Surgery was a success. She’s still herself, answering questions and then demanding answers of her own. Did they get it all? Were there complications? What grade is it? Define this enemy so we can fight it. I can’t get to her while she’s in the hospital and I feel guilty, but I’m at work at my own hospital’s blood bank where we’re down two employees and trying to keep our own patients alive, and the visiting hours are short and impossible for me to make use of. Her sisters are with her, and they are keeping me up to date. They’re not giving her enough pain medication, not giving her anything for sleep, for anxiety, because they are waking her up for a neurological exam every hour or two and the drugs might mask complications. It’s barbaric. You were inside her head. You cut through her skull. Let her sleep. Let her heal. She will need her strength to fight.

****

She’s out of the hospital so quickly I think it can’t possibly be safe, but she will sleep better, eat better, here. The verdict is in and it’s a terrible enemy to be fighting, a Grade 3 astrocytoma. Hard decisions must be made about how and where to start the next steps. Now comes the radiation, the chemotherapy, the nausea, the weakness and the wigs. But who can she trust with her life, with her brain, her mind? There are so many drugs, so many new clinical trials with so many risks, and so many experts willing to take her case. How can a person make this decision?

****

I have known and loved this woman for years. We went to school together and we’ve always stayed in touch. She’s 31 years old and speaks three languages, plays the piano, and has explored a dozen countries in hiking boots by day and 4-inch heels by night. She loves horseback riding, French literature, Sex and the City, and ballroom dancing. She wrote a mystery novel and is editing it to submit it for publication, and she’s supposed to defend her thesis in November for her PhD in nuclear physics. She has never said no to any crazy adventure. She’s loud, sexy, and unapologetic, and charms her way into and out of all sorts of trouble. And now she’s fighting for her life, because some tumor decided to make itself comfortable in her beautiful brain.

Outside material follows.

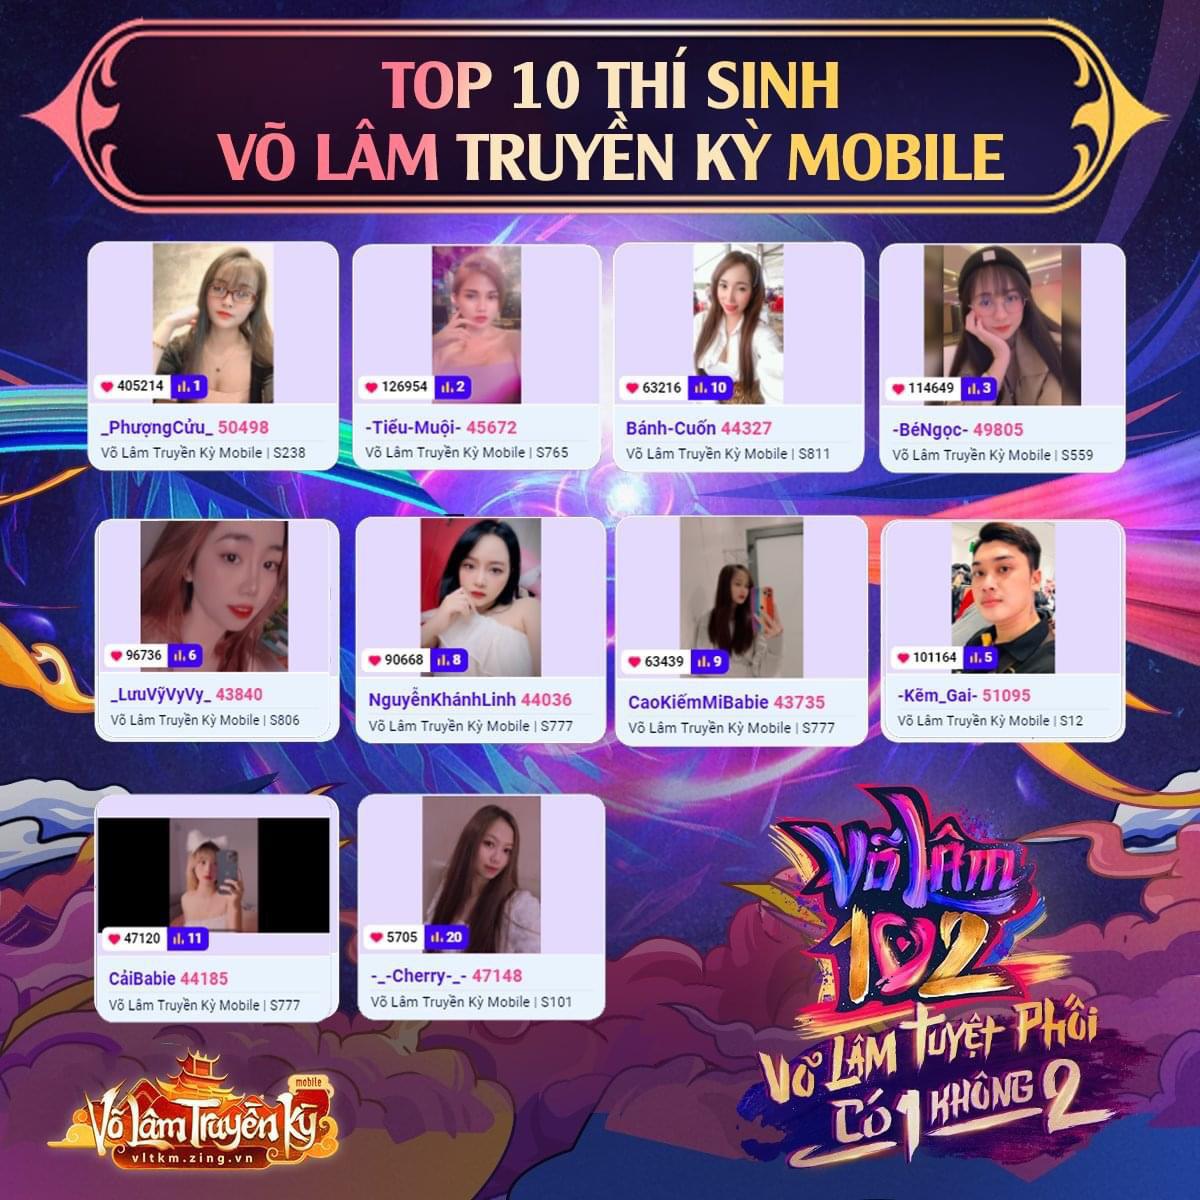 Võ Lâm 102: Ngắm nhan sắc Top 20 thí sinh xuất sắc nhất sàn đấu 38 tỷ của làng game Việt - Ảnh 8.

I’m sad. I’m scared. I’m angry. I know it’s nothing compared to the amplified emotions she and her family must be feeling, but she’s been at the back of my mind since that phone call and I know that I will think of her every day now as she fights this astrocytoma. Fuck cancer. It’s not fair.

She’s trying to raise funds through an online program called FundRazr, to help pay for the medical treatments that are not being covered by her insurance. I’m sharing the link here not necessarily in hopes that you will donate, but in hopes that you can share the link with others and help her that way. She has also started a blog to tell her story, and I think you should read it. Please share it.

2 thoughts on “My friend Leila and the fight of her life

  1. Gingy

    I gave a little. I’m so sorry your friend has to go through this. Can I help? Do you think she wants an awesome little hat to cover where they had to shave her head?

    Reply
  2. Mrs. Loudshoes

    I’m sorry to hear all that you and your friends are going through…it’s so hard to see someone you love frightened and uncertain. Amazing things happen every day with cancer treatments, I hope this is one of them.